There is a corner of the sky, near a crowded cluster of old galaxies, where the James Webb Space Telescope keeps finding something peculiar. Small, bright, unmistakably red — a dot on an otherwise busy background. Then another. Then another.

For an astronomer, a new kind of object is the closest thing to new terrain. The universe is reasonably well-charted; the zoo of galaxies, stars, and exotic remnants has been catalogued for a century. But Webb, with its infrared eye and a patience for the very faintest light, has opened a window on the first billion years of cosmic time — and that window is full of these little red dots.

A zoo of the very early universe

The dots are compact. They are bright. And they are early. In many cases, the light we're seeing was emitted when the universe was less than a billion years old — a cosmic infancy. By every rule we thought we knew, galaxies that young shouldn't look this way.

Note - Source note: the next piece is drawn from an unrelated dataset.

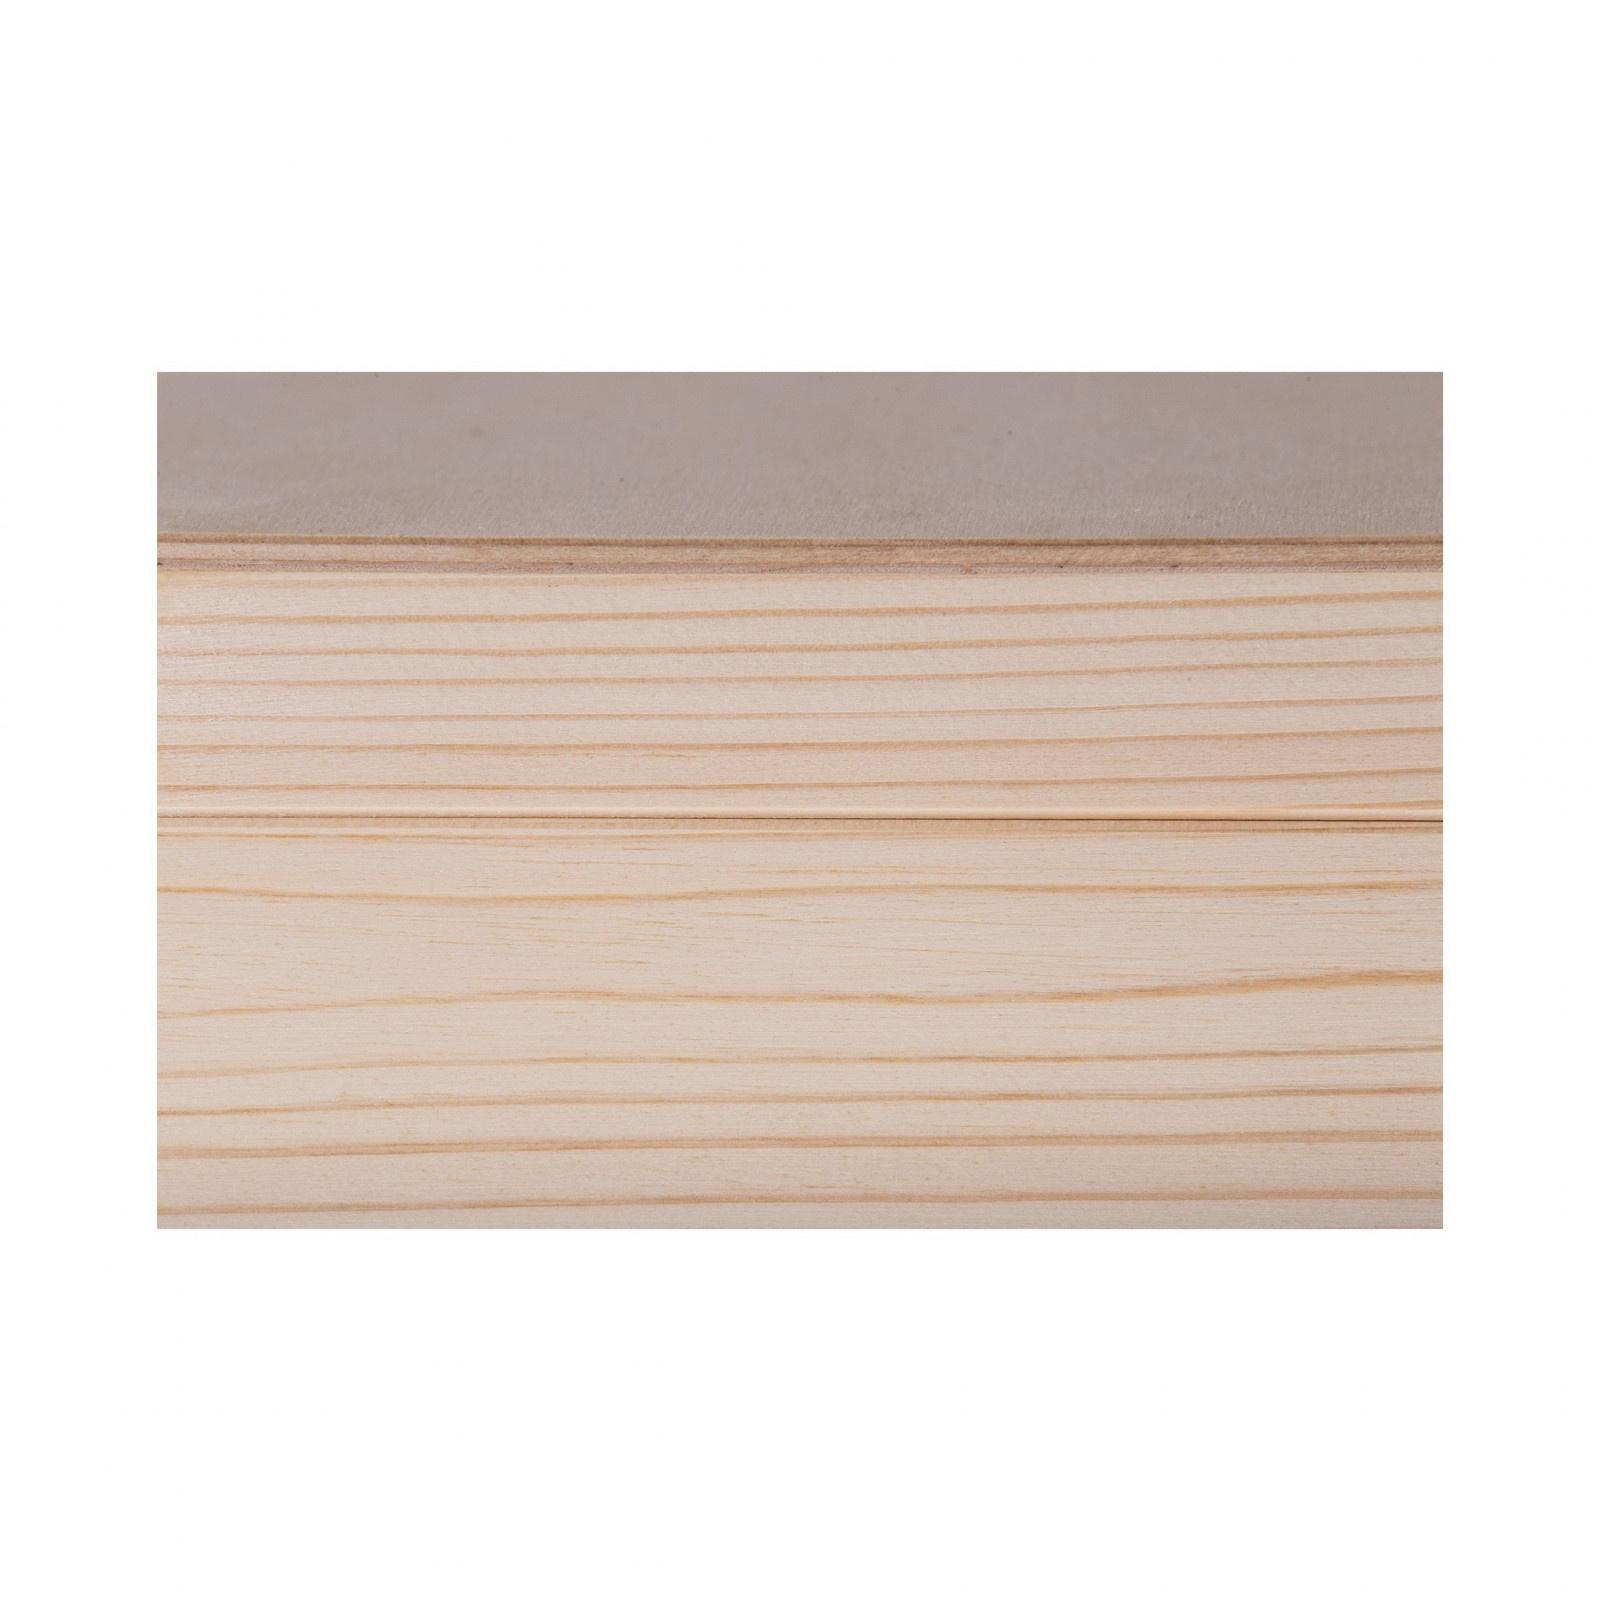 Drevená krabička s 8 priehradkami 16x28x8cm borovica megamix.sk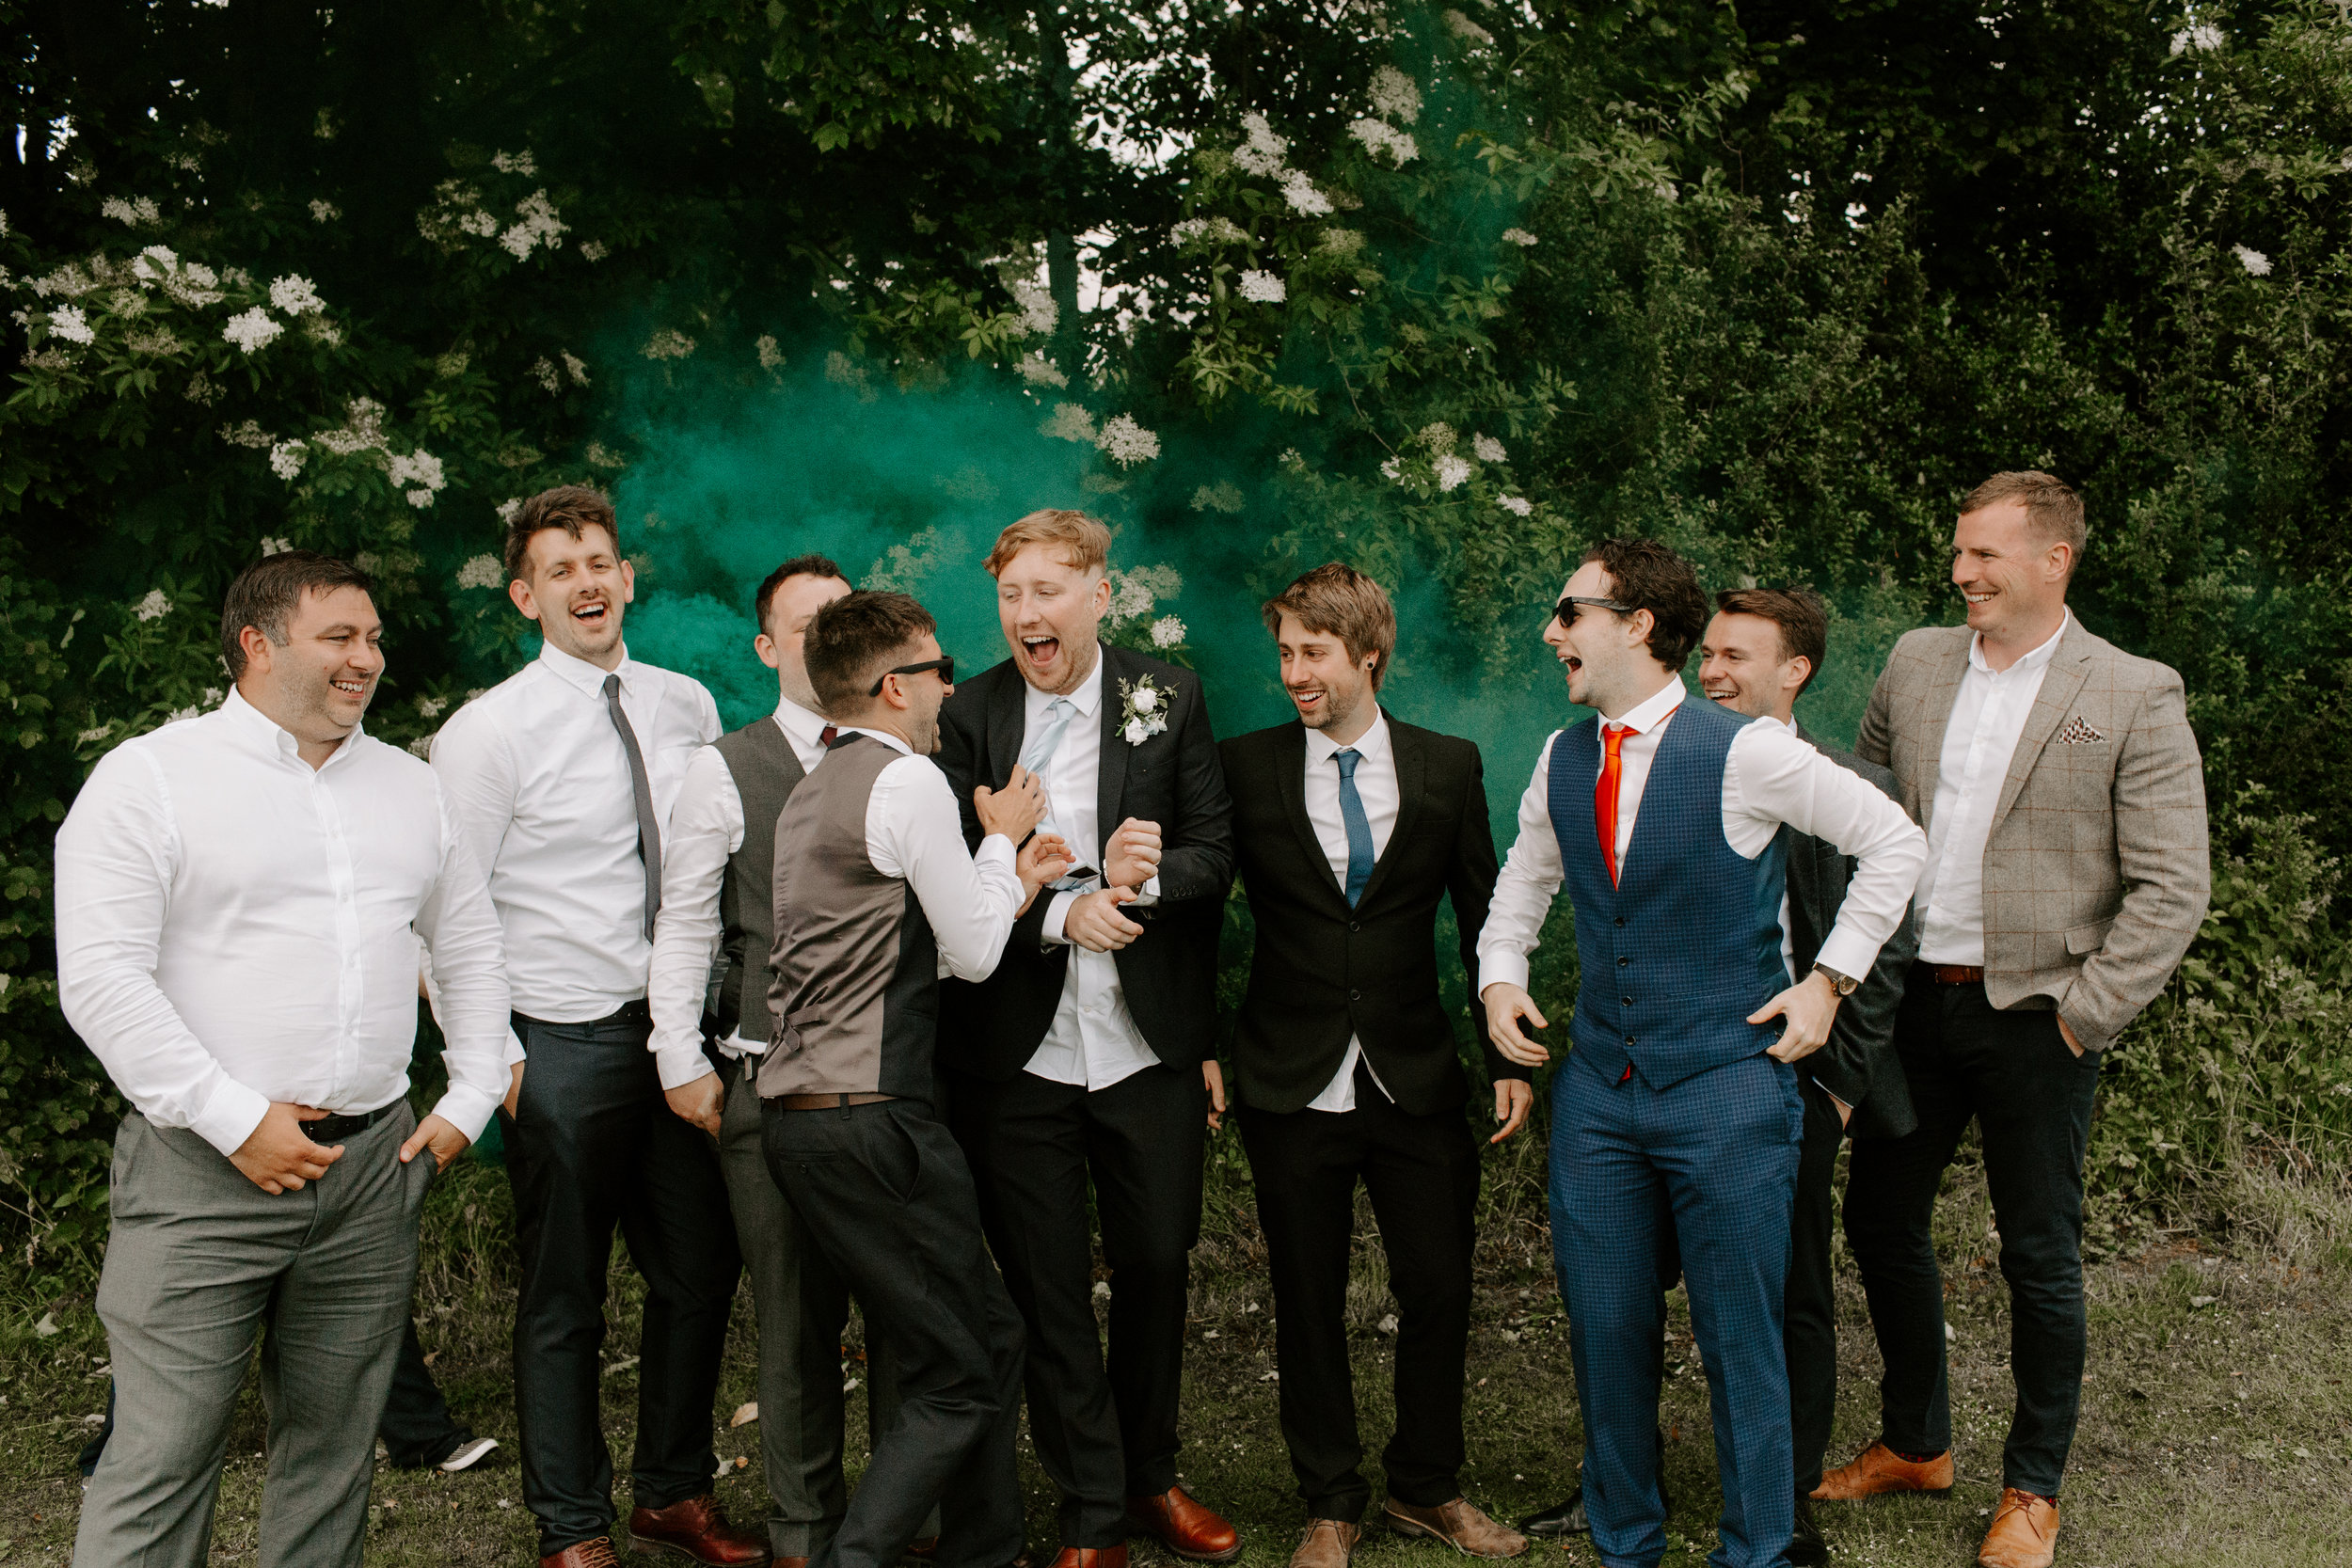 st-annes-wedding-photographer.jpg

They ought to be sprawling, blue with new stars, still assembling themselves out of gas and dust. Instead, the red dots look concentrated, mature, and populated by something that gives off a surprising amount of red light. Either they are full of ancient stars (which seems impossible, given how little time there has been) or they harbor something hungry at their center: a supermassive black hole, feeding.

Two kinds of answers

The debate has neatly split the field. One camp argues that the dots are compact starburst galaxies — extreme, but explicable. Another camp points to the spectra and sees the signature of accretion: matter falling onto a black hole at a prodigious rate. A third, growing camp, says both are right in part.

What's remarkable about this moment in astronomy is not just the discovery; it's the pace. Webb sends back data, a paper goes up on the arXiv within days, a counter-paper within weeks. The dots are a moving target, and the community is chasing them together.

Why it matters

If the dots are hosting fast-growing black holes, they force a rethink of how such giants form at all. Our earliest black holes, in most models, start small and grow over hundreds of millions of years. The dots suggest a shortcut — a way to make large central objects quickly, and in abundance.

Either we're missing a mechanism, or we're missing an entire chapter of the story. Both options are more exciting than most astronomers dare to say out loud.